Energies here match the values obtained with Amber to 0.01 -- 0.1 kcal/mol
(within 0.1% of the total).

wrappers/python/simtk/openmm/app/internal/amber_file_parser.py

@@ -14,7 +14,7 @@ Medical Research, grant U54 GM072970. See https://simtk.org.
 
 Portions copyright (c) 2012-2013 Stanford University and the Authors.
 Authors: Randall J. Radmer, John D. Chodera, Peter Eastman
-Contributors: Christoph Klein, Michael R. Shirts
+Contributors: Christoph Klein, Michael R. Shirts, Jason Swails
 
 Permission is hereby granted, free of charge, to any person obtaining a
 copy of this software and associated documentation files (the "Software"),
@@ -76,6 +76,10 @@ POINTER_LABEL_LIST = POINTER_LABELS.replace(',', '').split()
 VELSCALE = 20.455 # velocity conversion factor to angstroms/picosecond
 TINY = 1.0e-8
 
+class NbfixPresent(Exception):
+    """ Exception raised when NBFIX is used for the Lennard-Jones terms """
+    pass
+
 class PrmtopLoader(object):
     """Parsed AMBER prmtop file.
 
@@ -297,7 +301,11 @@ class PrmtopLoader(object):
         return self.residuePointerDict[iAtom]
 
     def getNonbondTerms(self):
-        """Return list of all rVdw, epsilon pairs for each atom"""
+        """
+        Return list of all rVdw, epsilon pairs for each atom.
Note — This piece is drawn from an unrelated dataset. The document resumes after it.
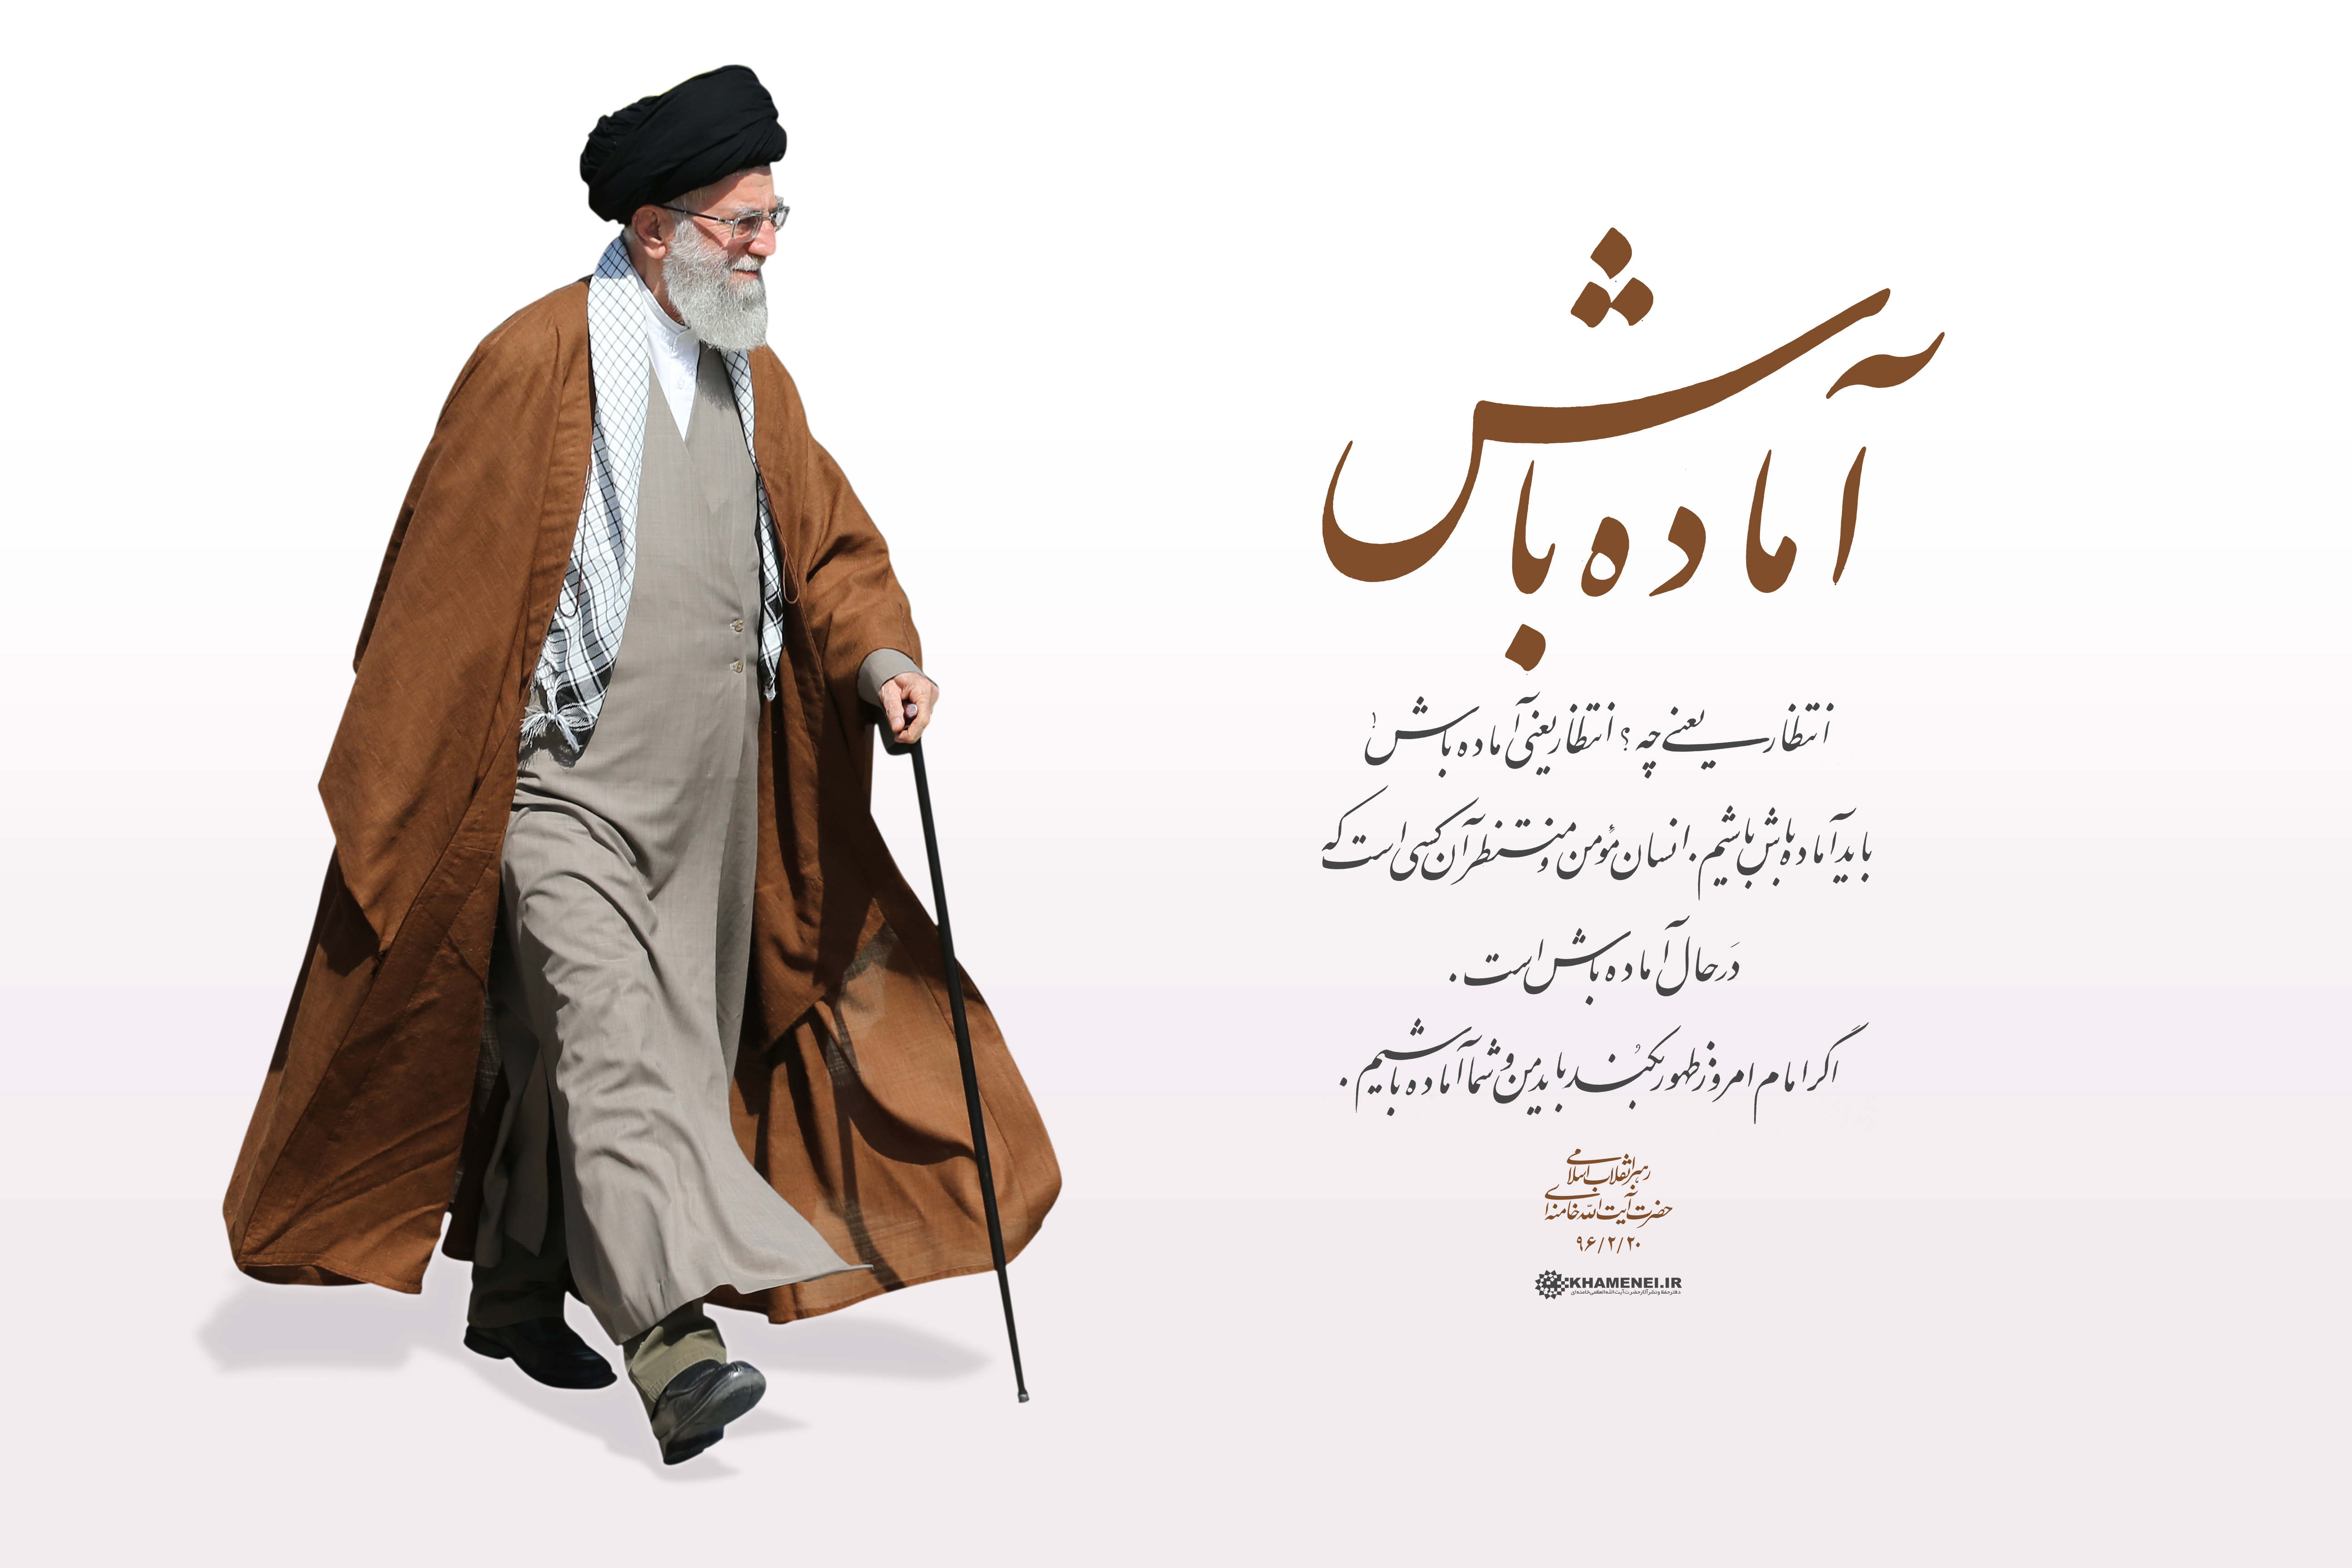 http://farsi.khamenei.ir/ndata/news/36501/B/13960222_0136501.jpg

If off-diagonal
+        elements of the Lennard-Jones A and B coefficient matrices are found,
+        NbfixPresent exception is raised
+        """
         try:
             return self._nonbondTerms
         except AttributeError:
@@ -305,9 +313,10 @@ class PrmtopLoader(object):
         self._nonbondTerms=[]
         lengthConversionFactor = units.angstrom.conversion_factor_to(units.nanometer)
         energyConversionFactor = units.kilocalorie_per_mole.conversion_factor_to(units.kilojoule_per_mole)
+        numTypes = self.getNumTypes()
+        atomTypeIndexes=self._getAtomTypeIndexes()
+        type_parameters = [(0, 0) for i in range(numTypes)]
         for iAtom in range(self.getNumAtoms()):
-            numTypes=self.getNumTypes()
-            atomTypeIndexes=self._getAtomTypeIndexes()
             index=(numTypes+1)*(atomTypeIndexes[iAtom]-1)
             nbIndex=int(self._raw_data['NONBONDED_PARM_INDEX'][index])-1
             if nbIndex<0:
@@ -320,9 +329,31 @@ class PrmtopLoader(object):
             except ZeroDivisionError:
                 rMin = 1.0
                 epsilon = 0.0
+            type_parameters[atomTypeIndexes[iAtom]-1] = (rMin/2.0, epsilon)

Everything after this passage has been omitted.